__What you are asked to do__. From the line that contains "Frustration Carcasa Ébano" through the line that contains "FolkArt ® Brushed", output every line of the listing below exactly and leave out all the rest.

__Listed records__.

━━━━━━━━━━━━━━━━━━━━

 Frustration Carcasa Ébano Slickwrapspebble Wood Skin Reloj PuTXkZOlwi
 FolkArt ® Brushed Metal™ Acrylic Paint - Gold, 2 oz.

━━━━━━━━━━━━━━━━━━━━

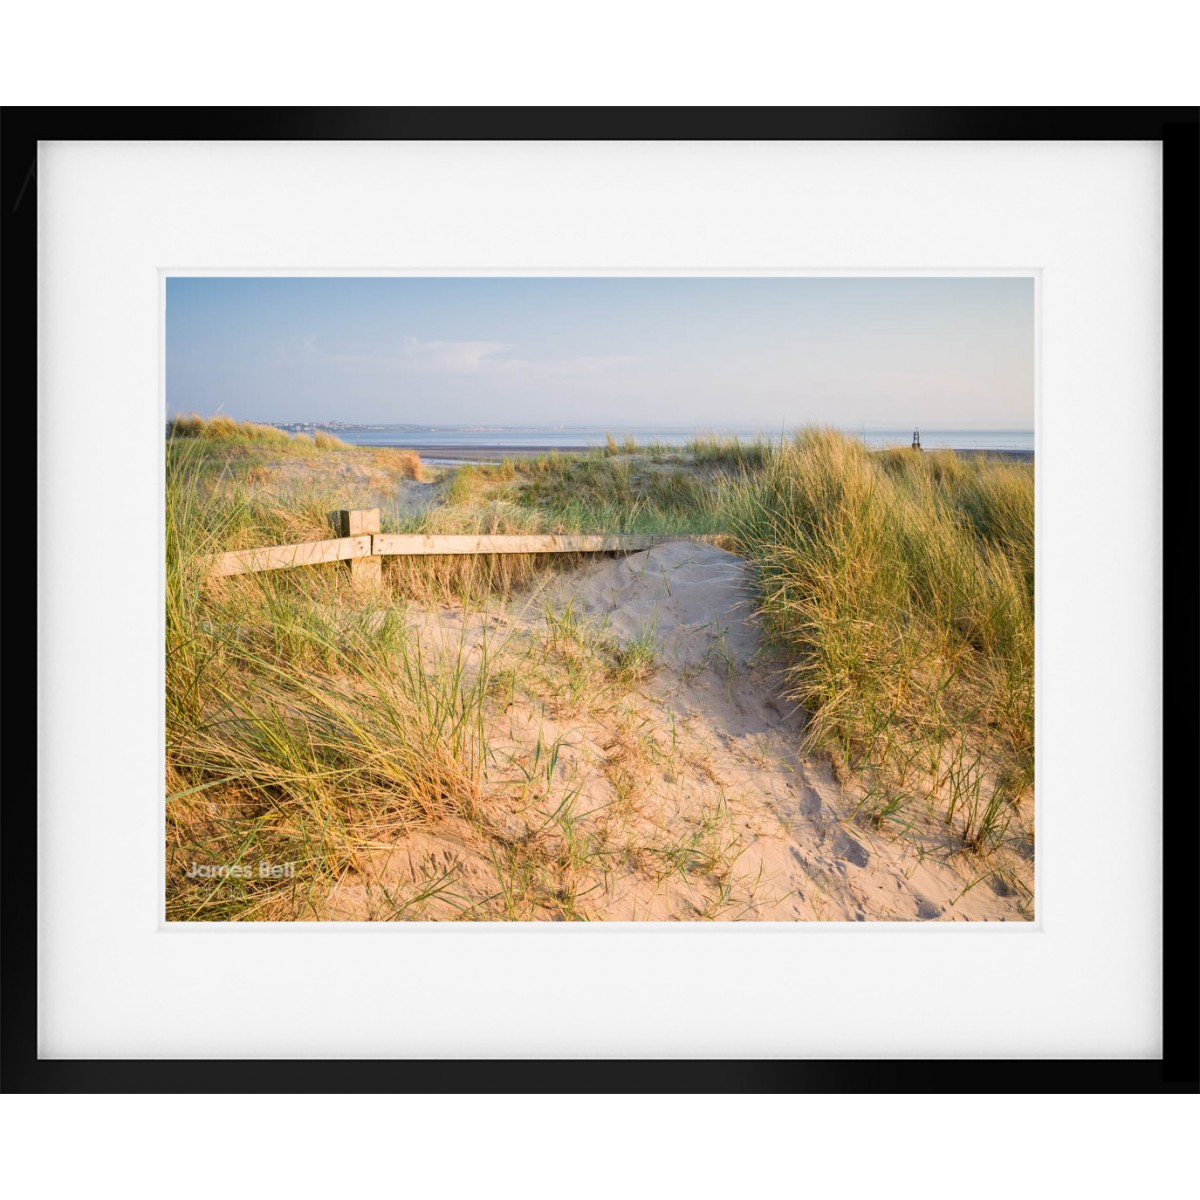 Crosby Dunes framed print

━━━━━━━━━━━━━━━━━━━━

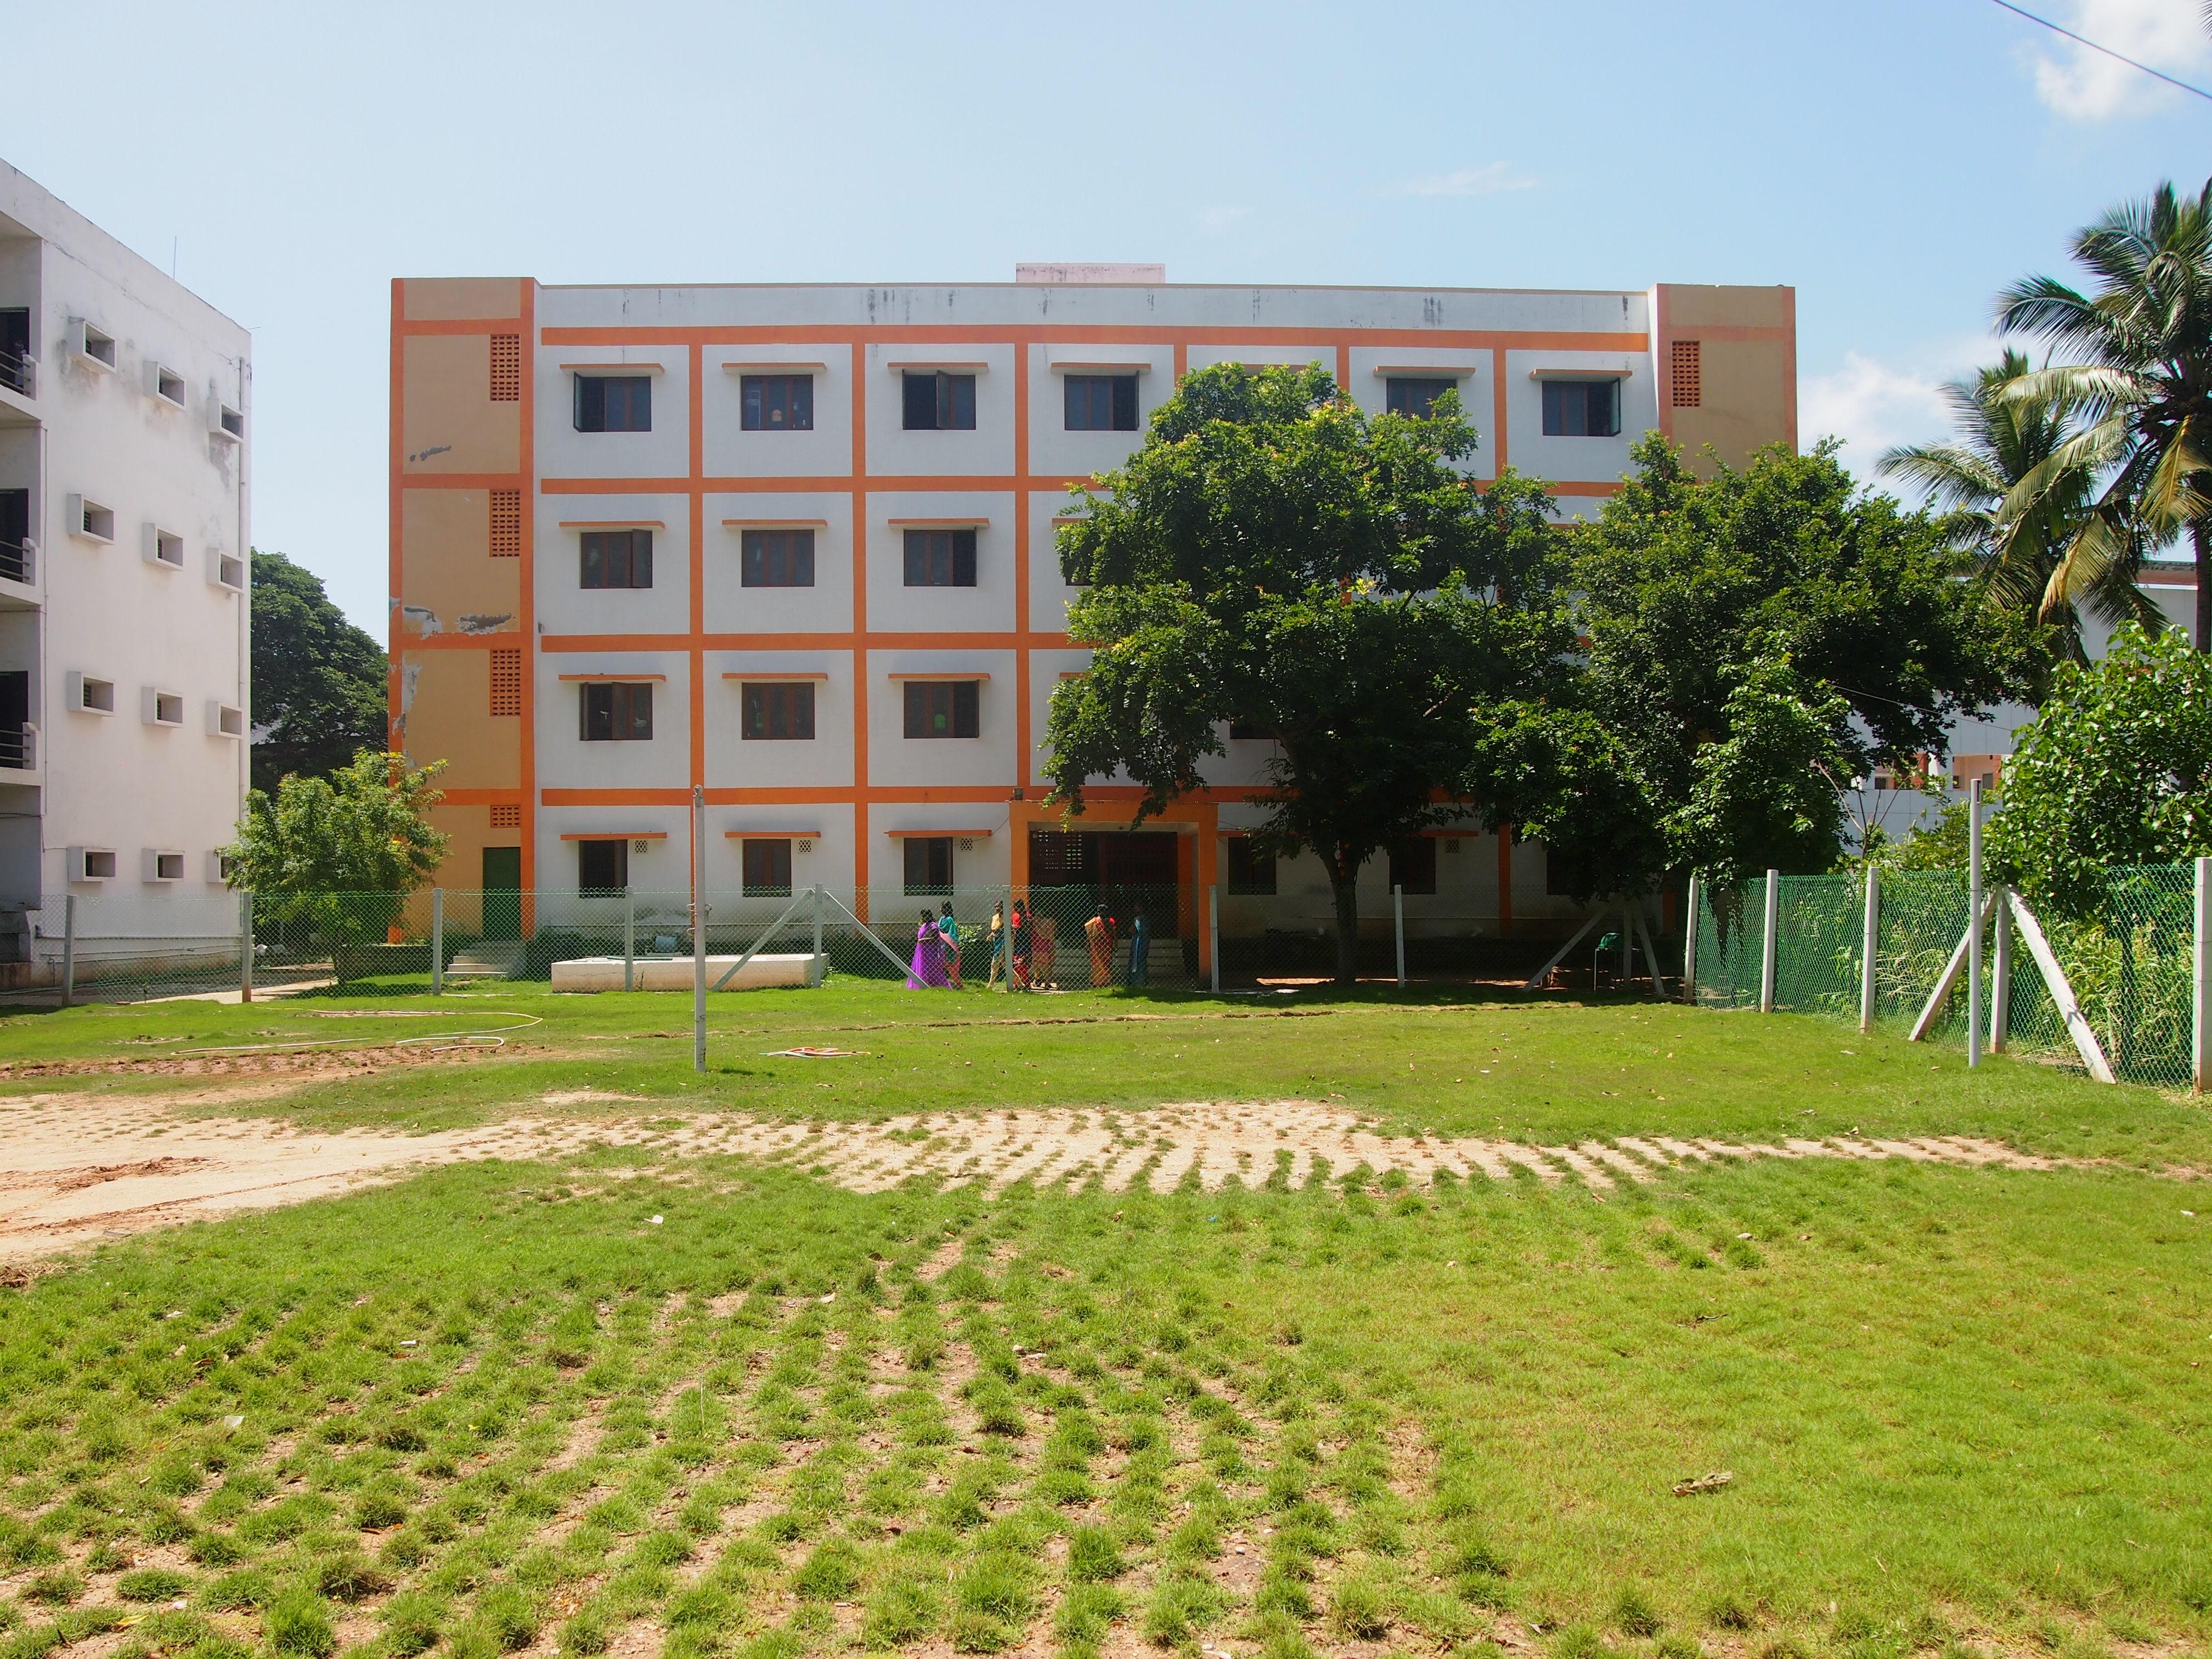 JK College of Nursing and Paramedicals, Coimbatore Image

━━━━━━━━━━━━━━━━━━━━

__Output for this task__.
 Frustration Carcasa Ébano Slickwrapspebble Wood Skin Reloj PuTXkZOlwi
 FolkArt ® Brushed Metal™ Acrylic Paint - Gold, 2 oz.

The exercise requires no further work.